**Directions for this task:** Restate each of the lines below word for word and drop every picture.

**Supplied information:**
※
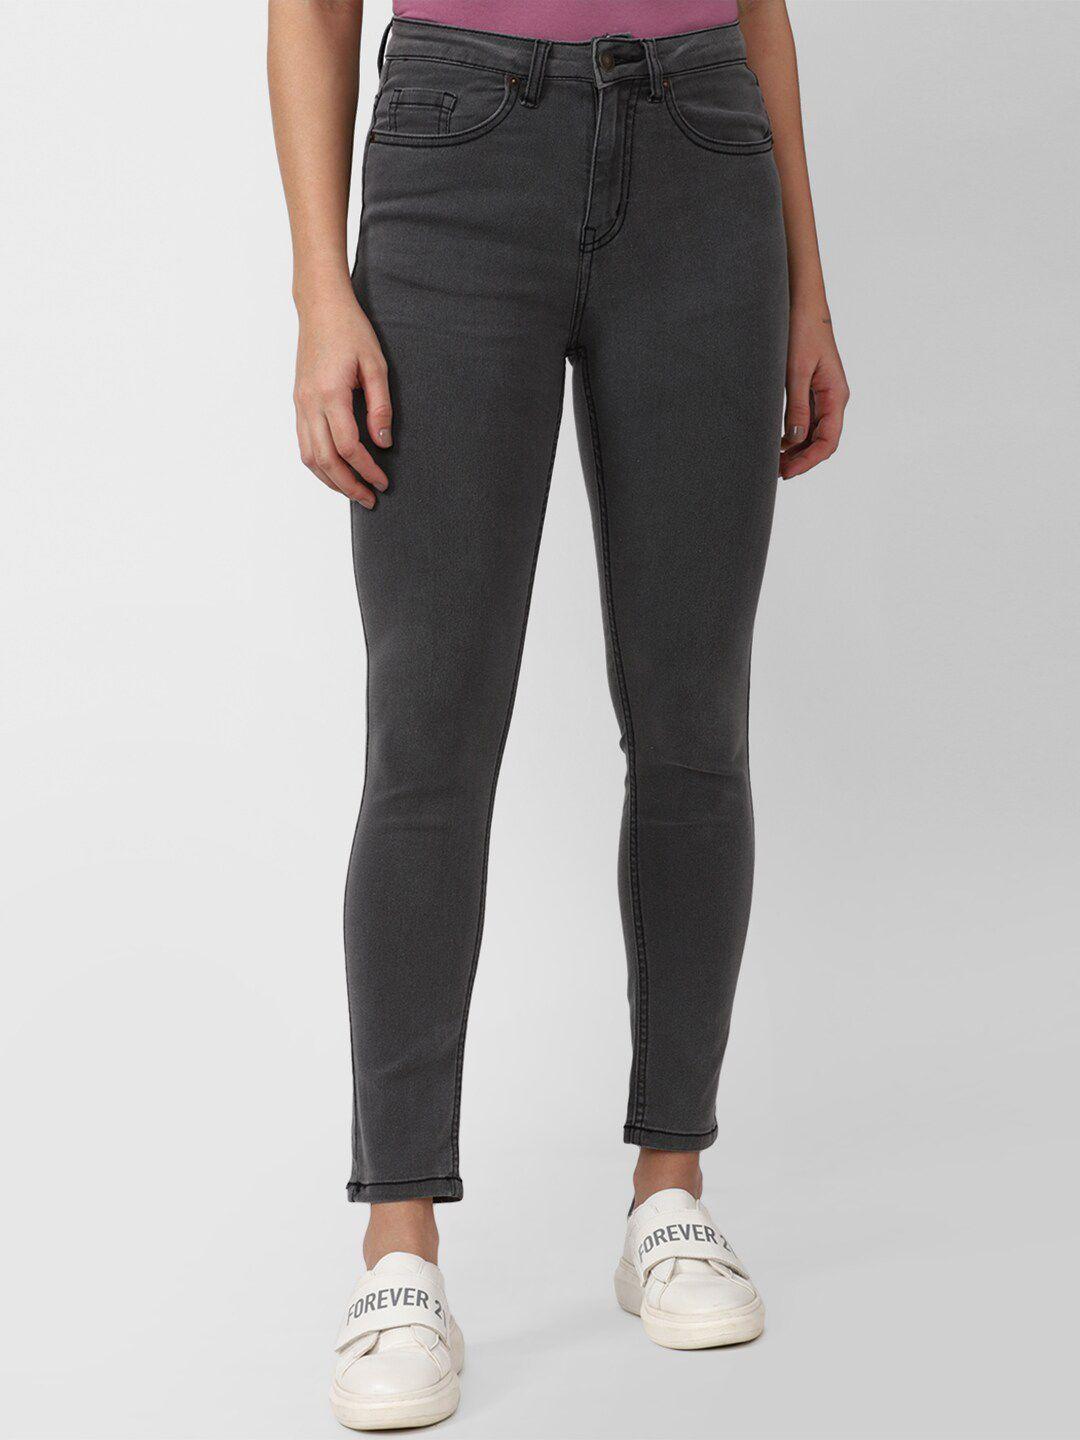 forever 21 women grey slim fit cotton jeans
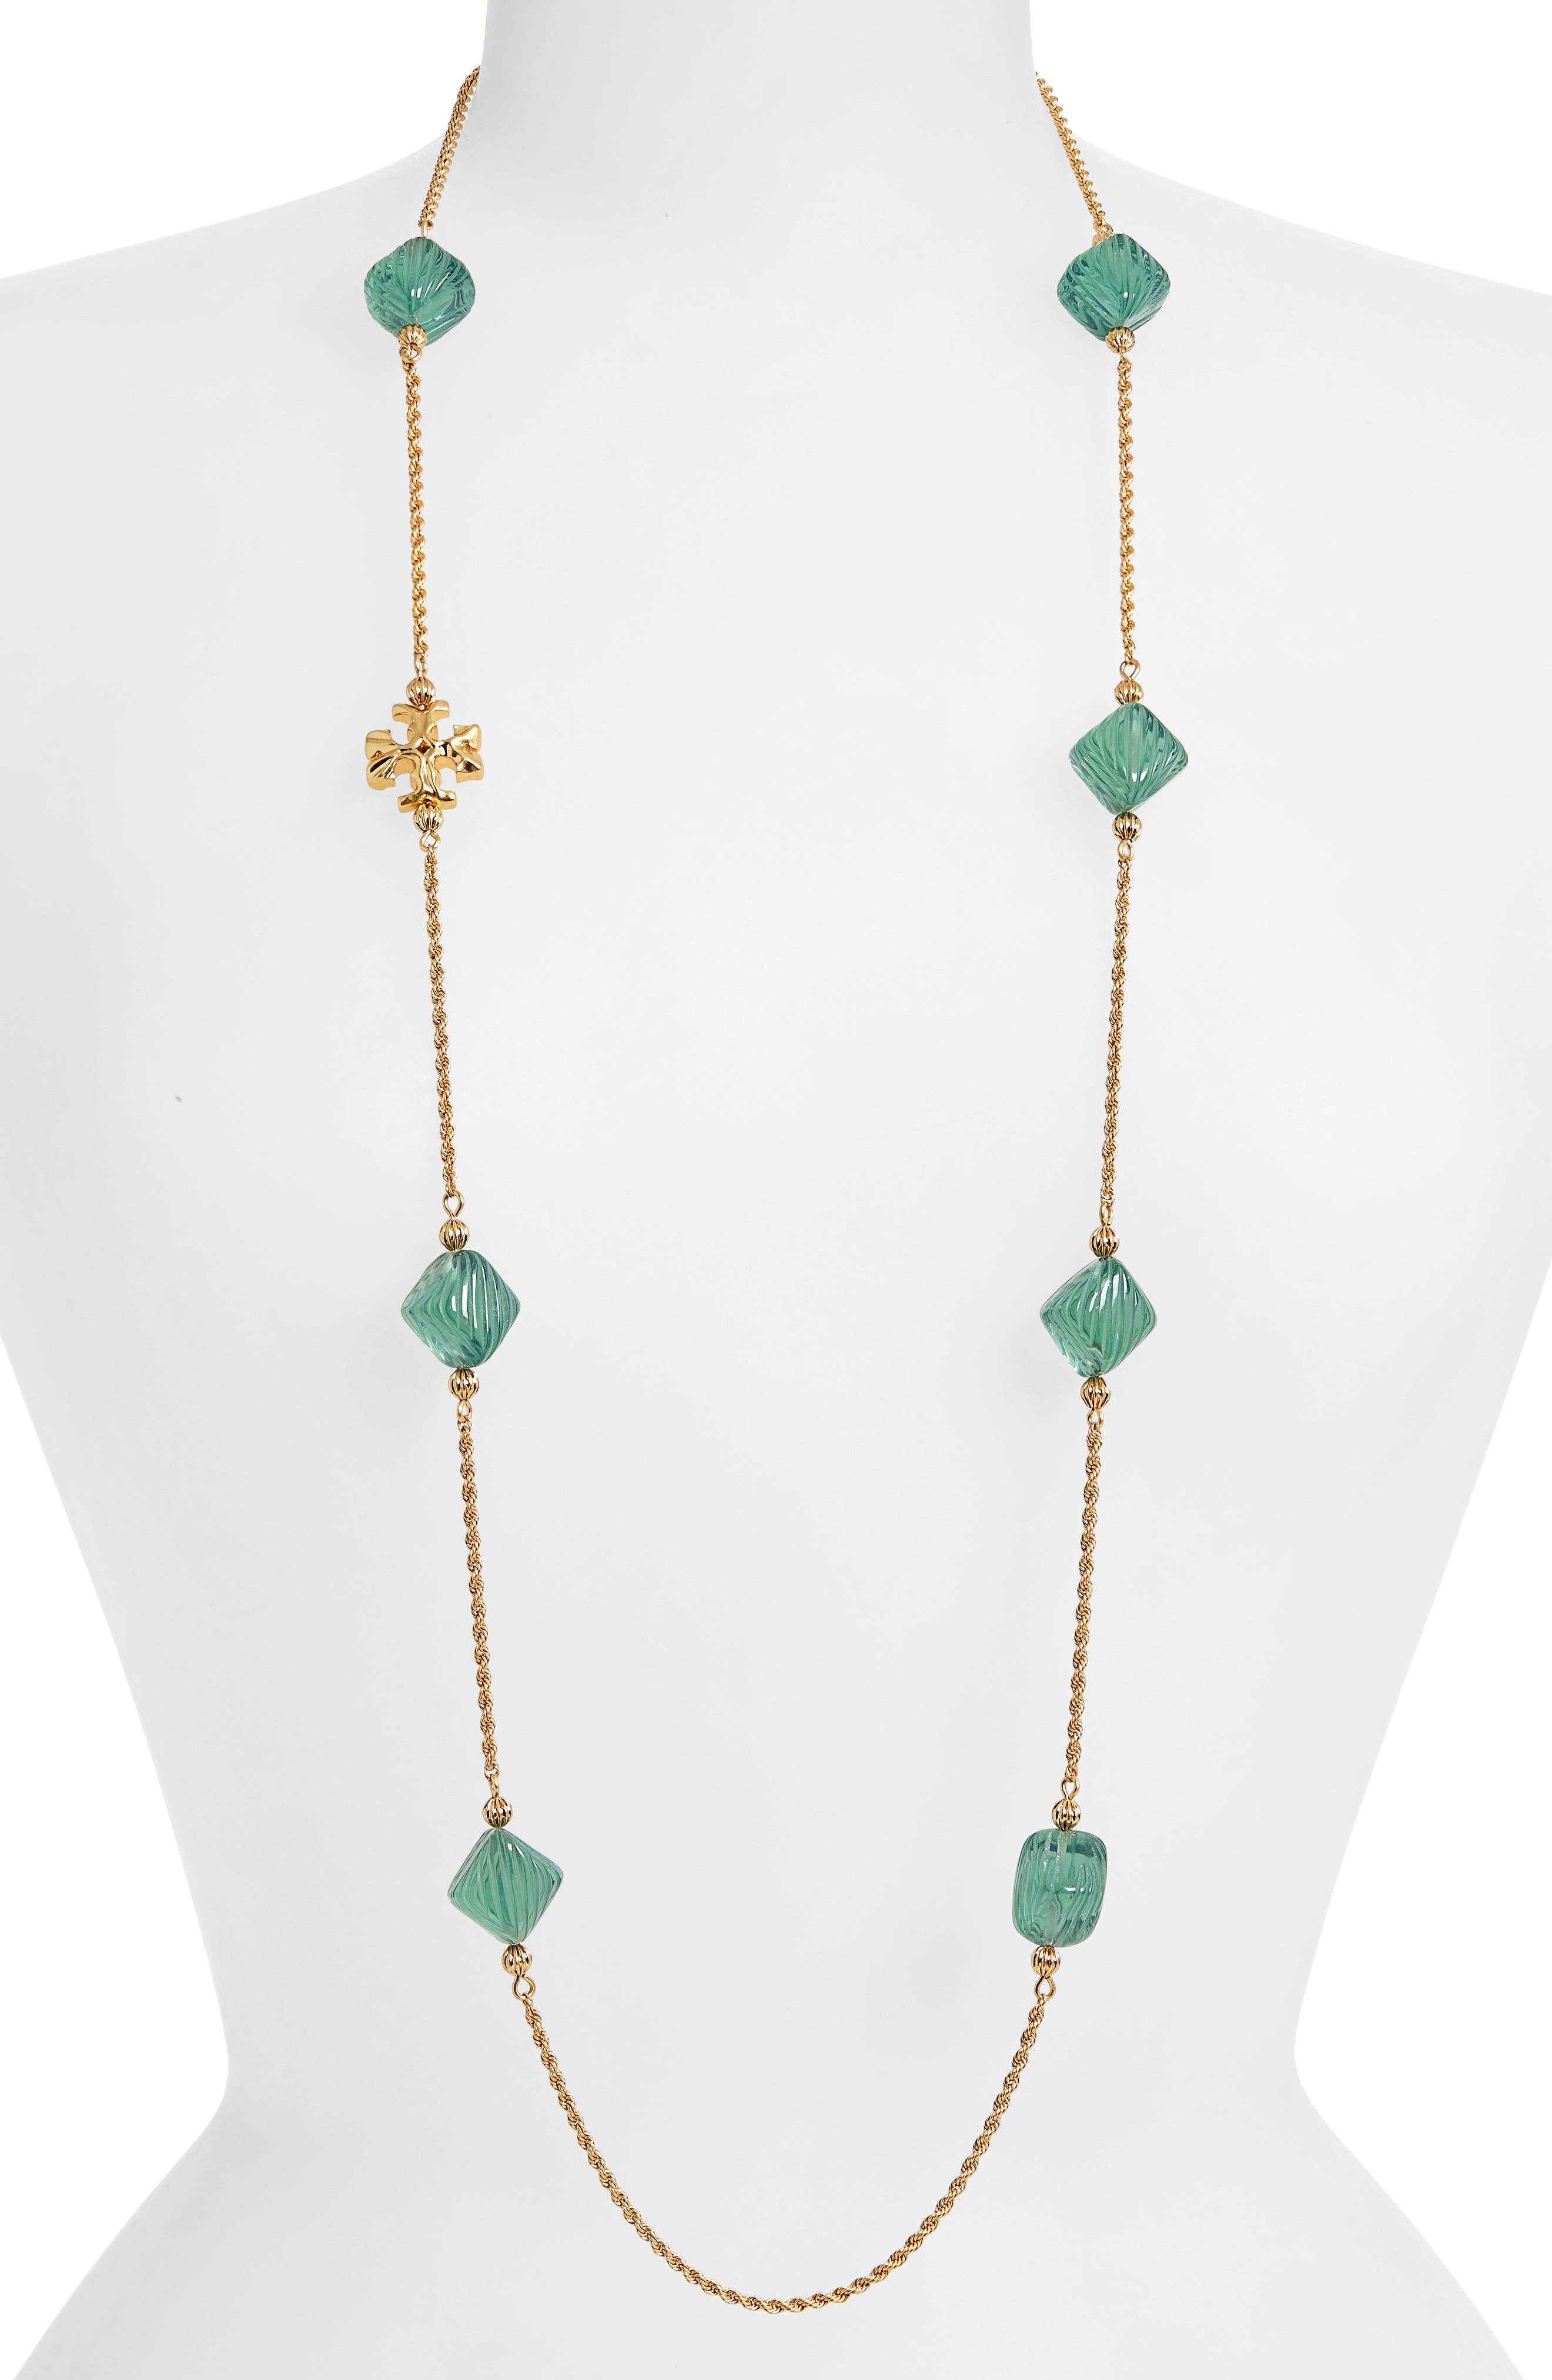 Tory Burch Roxanne Necklace in Rolled Brass /Azure Green
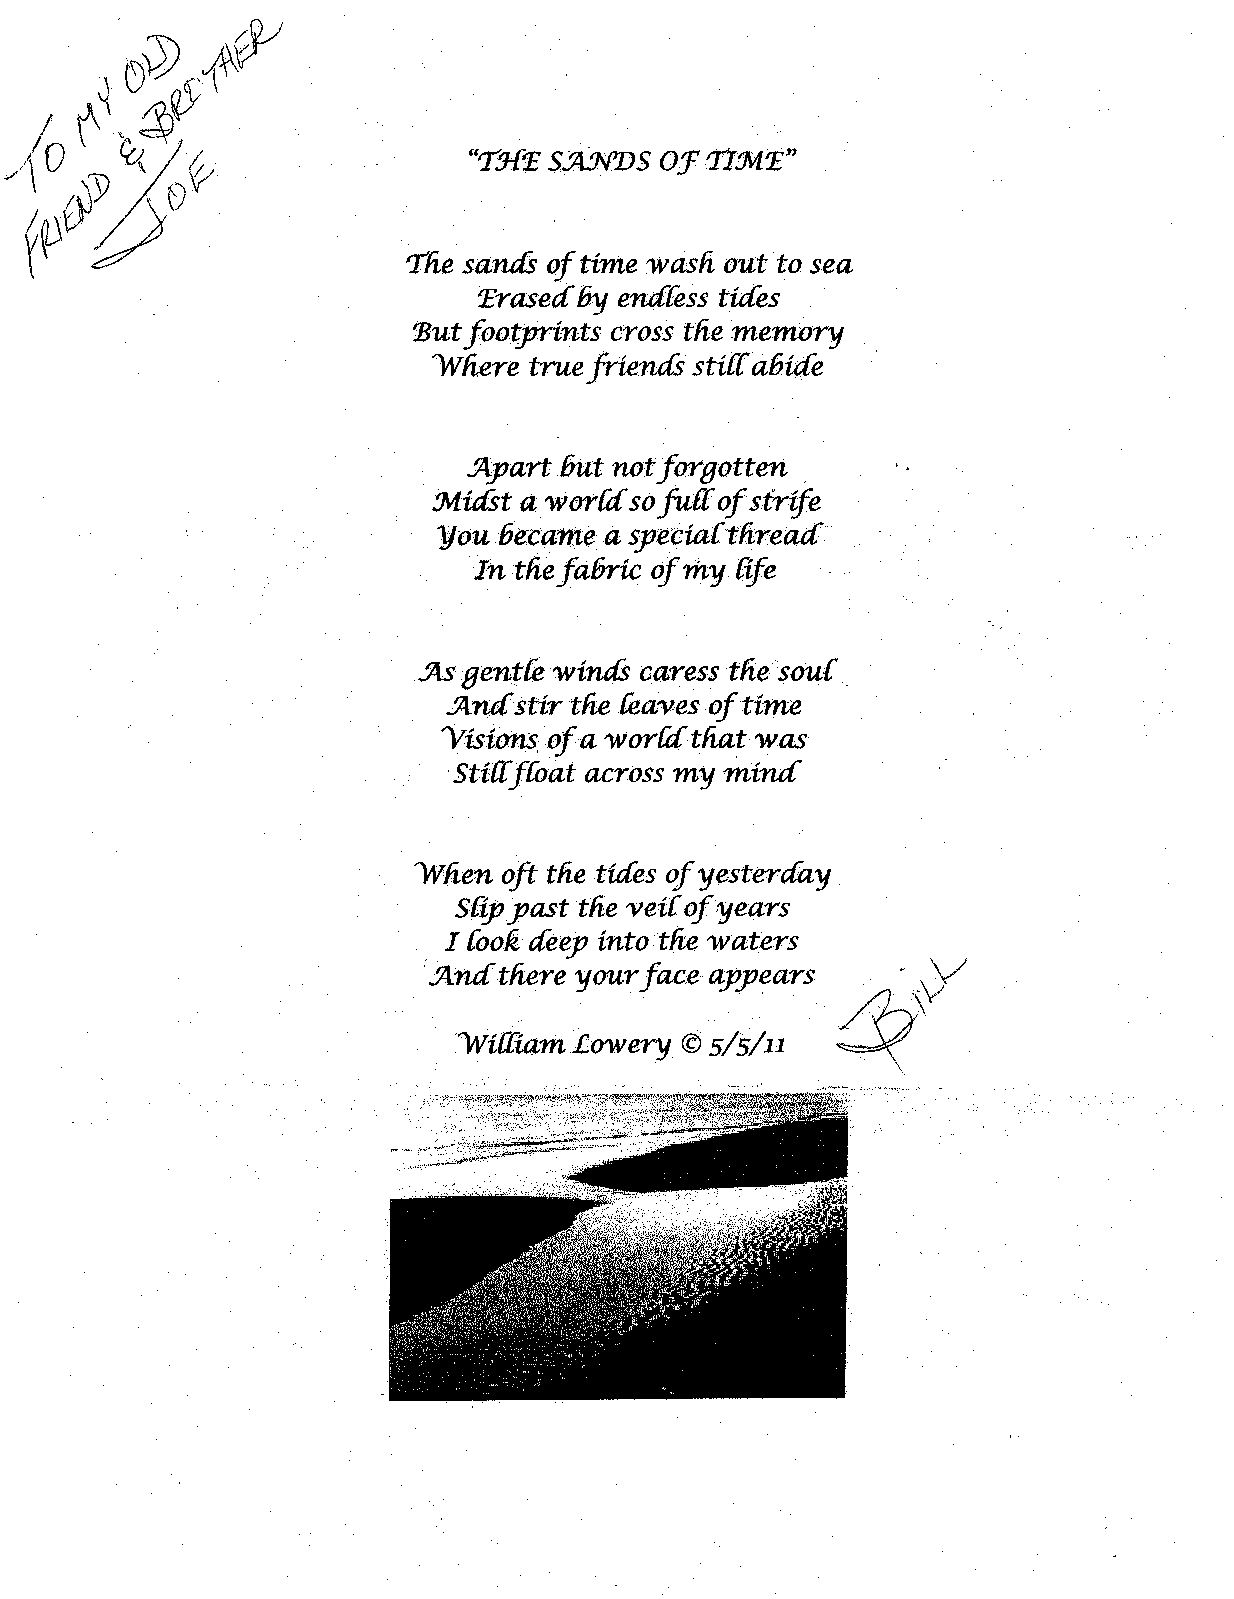 The Sands Of Time poem
※
**Solution to this problem:**
 forever 21 women grey slim fit cotton jeans
 Tory Burch Roxanne Necklace in Rolled Brass /Azure Green
 The Sands Of Time poem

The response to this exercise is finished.